Escucha este artículo
Audio generado con IA de Google
0:00
/
0:00
COP16. Plaza de Caicedo y Bulevar del Río. Cali renaciendo. Alegría contagiosa. Todos con el celular en mano, tomándose selfies o filmando, sin temor al atraco o a la puñalada.
Jóvenes guías con camisetas azules. Camisetas verdes para las comunicadoras sobre biodiversidad. Camisetas amarillas para los encargados de la limpieza. Danzas, auditorios para conversatorios, música, stands llenos de plantas, casetas, orden.
La historia es breve. Turquía era la sede oficial, pero el terremoto devastador impidió su realización. Ningún otro país del mundo aceptó el compromiso de semejante evento y hacerlo viable en cuatro meses. El Presidente, en una alocución de polvos cósmicos, afirmó que Colombia aceptaba el reto. Y de inmediato nos asignaron la tarea.
No sabemos si Cali fue escogida para que fracasara o no, pero el caso es que Cali se comprometió. La ciudad se llenó de entusiasmo. Alcaldía y Gobernación se unieron, y sus equipos lograron lo que parecía imposible.
Cali, la mejor anfitriona, la más alegre, la más cívica, la más limpia, la más cultural. Días y noches de fiesta para locales y extranjeros.
Lo que suceda entre “los sabios,” la recuperación o destrucción del Planeta Azul, es otra cosa; existe escepticismo y optimismo moderado. Pero lo que es irrefutable es que la Sucursal del Cielo salió de su apatía y narco-condena. Dejó para siempre de ser conocida como el Cali-Cartel, como nos llamaban en el mundo entero, para figurar en las primeras páginas de periódicos y noticieros internacionales como un lugar paradisíaco en biodiversidad, cívico, alegre, generoso, que irradia y contagia calor humano y belleza.
La Ciudad de los Siete Ríos, del piedemonte, de la brisa vespertina y sensual que llega del mar, de la riqueza cultural y gastronómica de su población afrodescendiente, de la cadencia de sus mujeres, de sus parques, ceibas y samanes centenarios, de sus orquídeas y veraneras, la salsa, el ballet, el ritmo vital y el corazón que bombea con sangre nueva.
Emocionada hasta las lágrimas de estar viva y de nuevo sentirme orgullosa de ser caleña y vallecaucana hasta el tuétano de mis huesos. De estar viva y volver a escuchar el ritmo contagioso de continuar, de dejar atrás esos años oscuros y tenebrosos que vivimos.
En mi primer paseo por la Plaza y el Bulevar, me encontré de sopetón con el conversatorio entre William Ospina y Wade Davis.
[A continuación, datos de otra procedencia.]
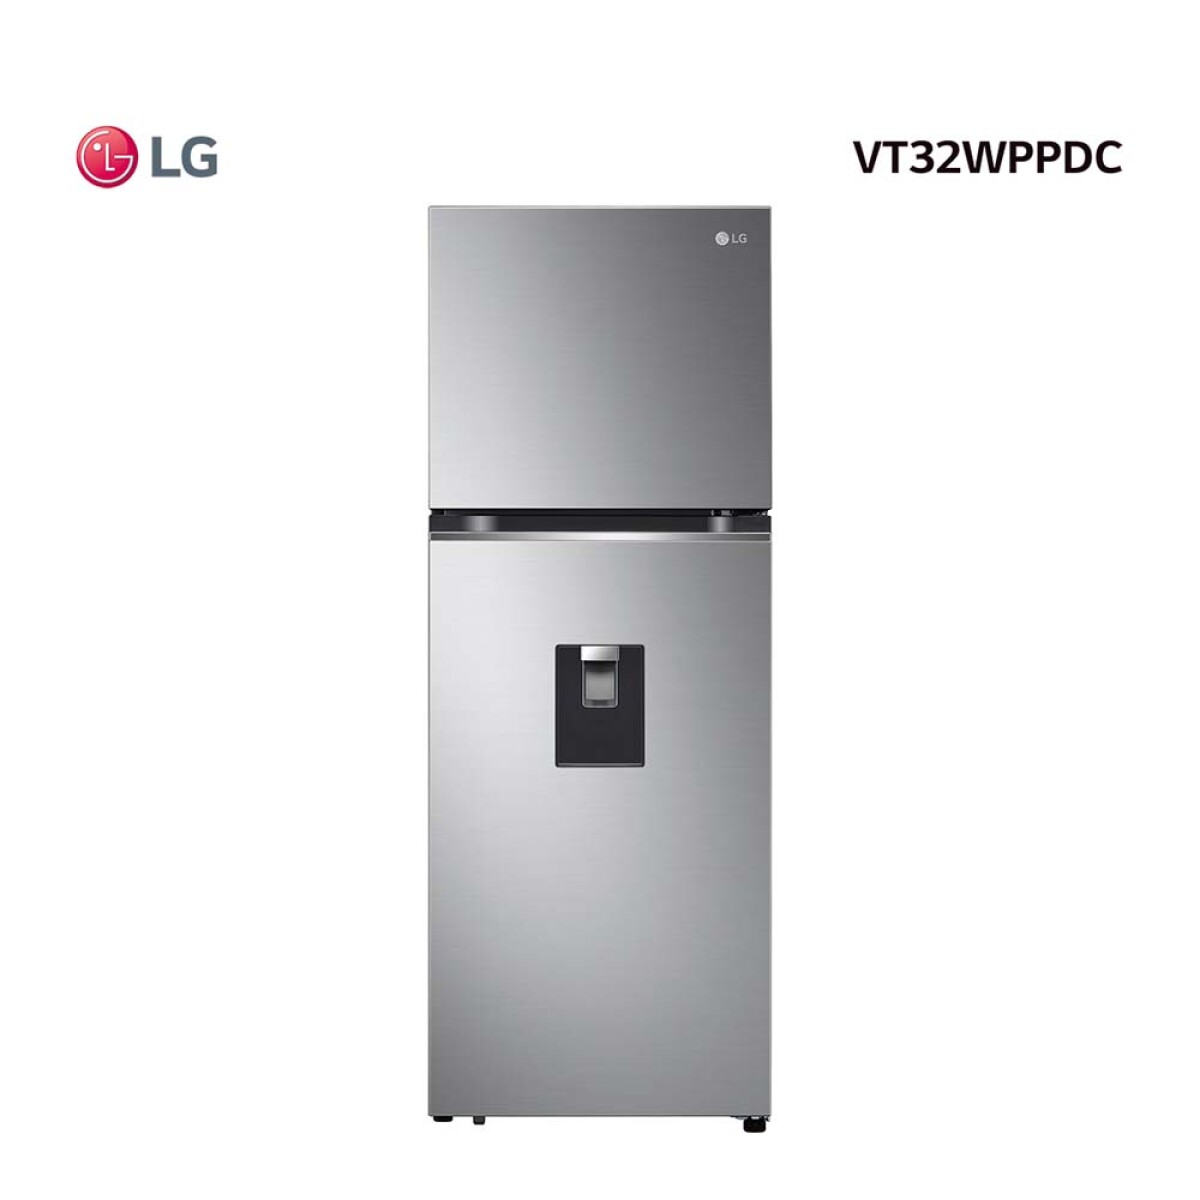 Refrigerador LG VT32WPPDC Inox Inverter - 315 L con Water Dispenser

Creí que alucinaba. Recuerdo Guayacanal, recuerdo El Río, y se me quedó grabada para siempre esta frase de Davis, refiriéndose al Río Magdalena, testigo de nuestra historia desde los orígenes primigenios, cuando nace como una quebrada en la que con una mano podemos tocar el nacimiento de la Cordillera Occidental y con la otra, el de la Cordillera Central. Ese río, depositario de todos nuestros secretos, ese río que recorre el país y que en una época estuvo lleno de vida, “pero con el tiempo, los peces y los caimanes desaparecieron y el río se llenó de muertos”.
Frase lapidaria y real. Este país, privilegiado con dos océanos, selvas, ríos y nevados, desiertos, bosques secos y húmedos, con la variedad de mariposas más grande del planeta, con su diversidad de razas, que podría ser un verdadero paraíso, lleva casi dos siglos desangrándose. Si el Magdalena pudiera recoger toda la sangre derramada desde la Conquista hasta hoy, sería un río rojo y los valles estarían inundados de lágrimas.
Gracias, Alejandro Eder y su equipo de quijotes soñadores. Gracias, Dilian Francisca Toro y su equipo visionario. Cali resucitó de entre el lodo y las tinieblas.